Summer projects get rolling

Commencement was like firing the starter’s pistol at a track meet for summer construction projects on the Pittsburg State University campus. No fewer than eight projects are expected to be ready for use before students return in August.

Commencement was like firing the starter’s pistol at a track meet for summer construction projects on the Pittsburg State University campus. No fewer than eight projects are expected to be ready for use before students return in August.

Including the expansion and renovation of the Overman Student Center, which began in 2014, the work underway totals nearly $20 million.

“This will be another busy summer in what has been quite a string of busy summers,” said Lindell Haverstic, project architect in PSU’s Office of Facilities Planning.

The biggest project, at a cost of $13.3 million, is the student center, which is slated to be completed in July.

“There are places on the second floor of the addition where visitors will have views of many of the campus icons, like the Centennial Bell Tower, the Oval, the arches of Carnie Smith Stadium and the Library,” Haverstic said.

The project includes an expanded, flexible ballroom with a sound system and acoustics for multiple types of programs; an expanded campus activities center complex; more student gathering and lounge spaces, additional meeting rooms and a bigger U-Club with new food options in the lower level.

The final segment in a years-long project to improve student housing began as soon as students moved out. The $4.3 million renovation of Nation Hall East includes new windows, wall surfaces, ceilings and floors, built-in cabinetry in the rooms, and renovated and expanded restrooms.

“The completion of Nation Hall renovation marks the conclusion of a critical effort to both revitalize and create new options for on-campus student housing at Pittsburg State,” said Steve Erwin, associate vice president for campus life and auxiliary services. “Beginning in 2000 with restoration of historic Willard Hall, the university has invested well over $30 million to assure that students have safe, comfortable and modern accommodations to support them in their academic goals. That includes the acquisition of Bonita Terrace and its transformation into Crimson Village, the renovation of Gibson Dining Hall, the construction of new apartment suites at Crimson Commons, and the renovation of all existing traditional residence halls.”

In the Weede PE Building, work began in April on a $985,000 locker and training room renovation that also includes a new HVAC system.

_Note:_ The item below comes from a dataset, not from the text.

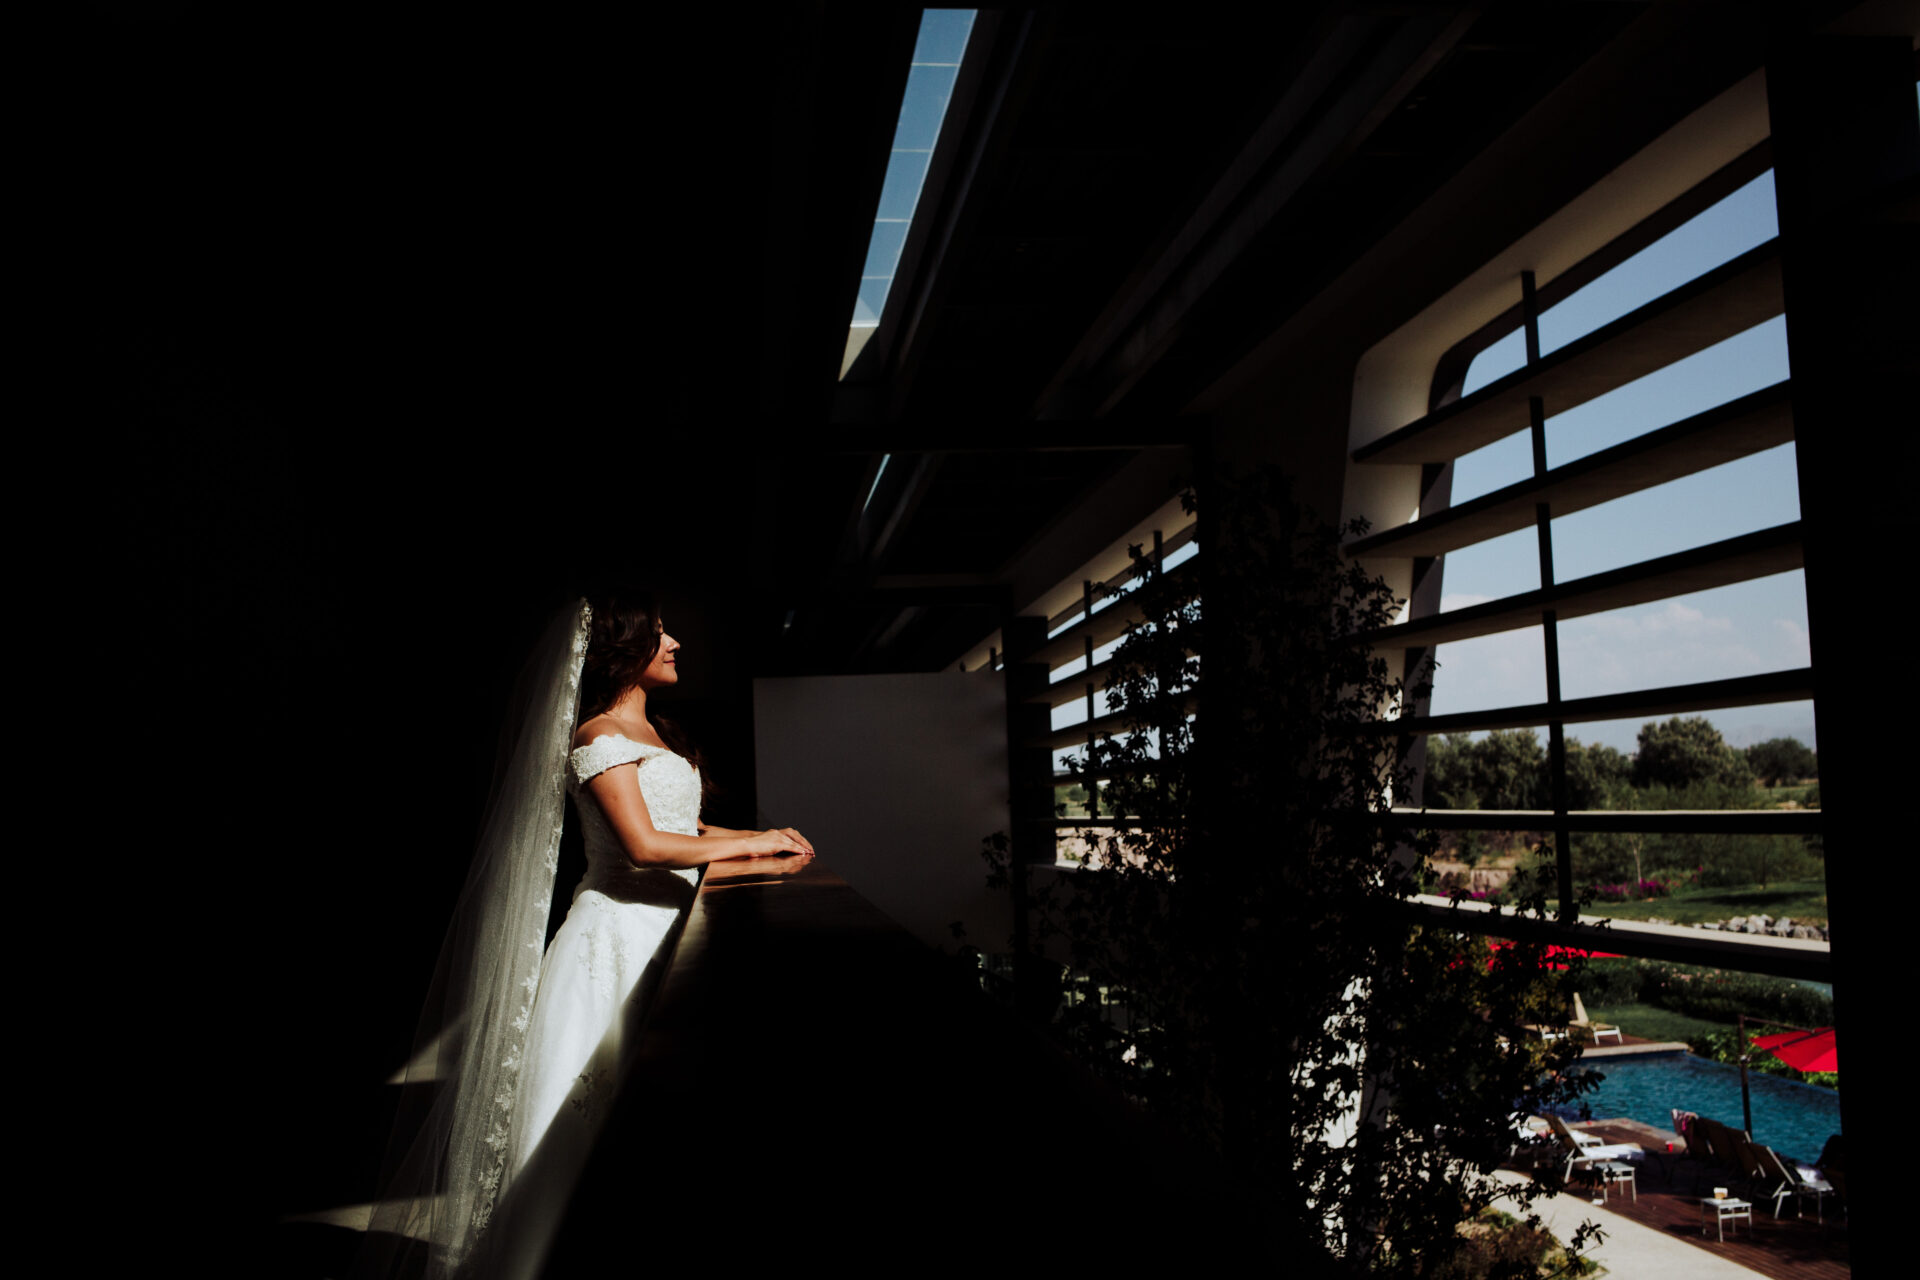 javier_noriega_fotografo_bodas_torreon_coahuila_zacatecas_wedding_photographer21a

In that same building, a $511,000 pool repair project began in May. In June, roof replacements will begin at both the Weede PE Building and at the Kelce College of Business. Together, those projects total $583,000.

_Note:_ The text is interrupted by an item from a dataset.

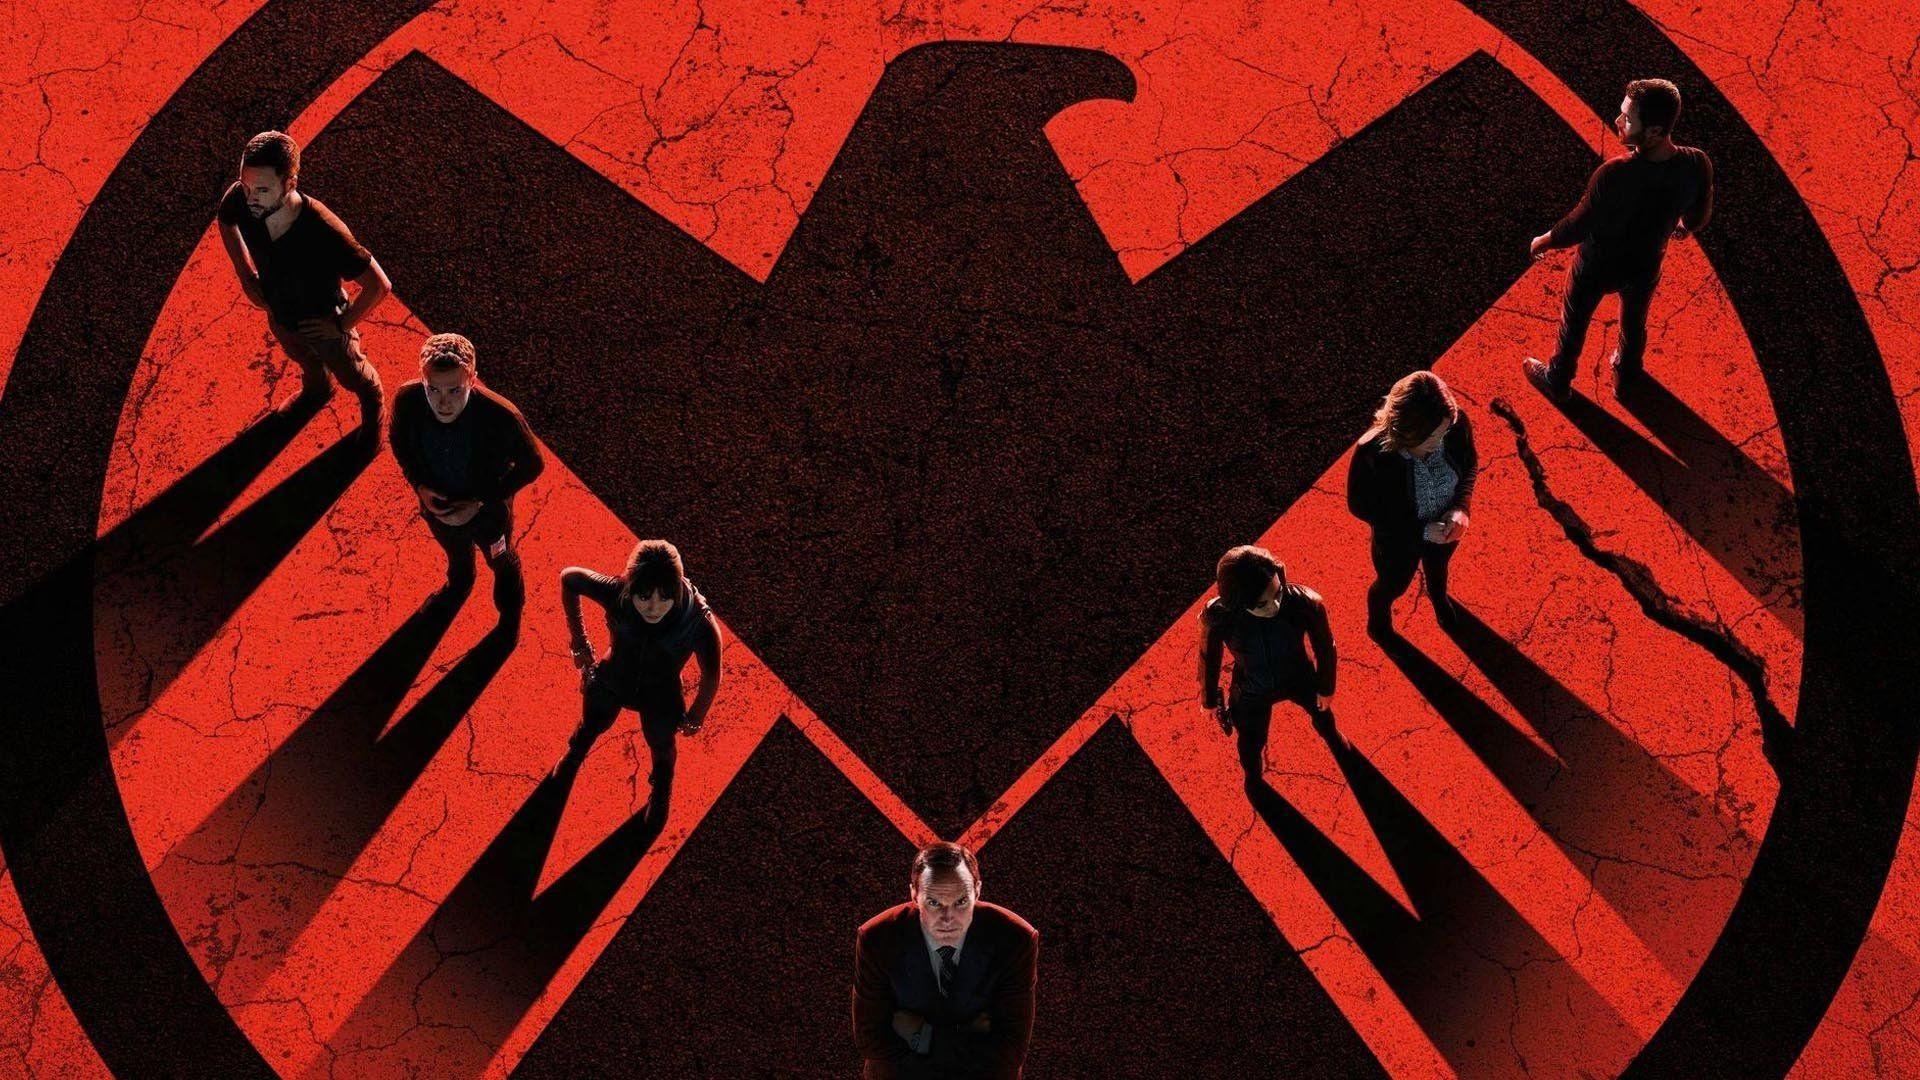 Agents Of S.H.I.E.L.D Teams Background 4

Three smaller projects will also begin in June. Those include an upgrade to heating and air conditioning controls in the Kansas Technology Center ($125,000), door replacement in Yates Hall ($100,000), and an office remodeling project in the Kansas Technology Center to accommodate the KCCTE ($90,000).

“Summer is that time of year when we work hard to complete projects because that is when it is least disruptive to students and faculty,” Haverstic said. “We hope when everyone returns in the fall, they’ll be pleasantly surprised by all the university has accomplished.”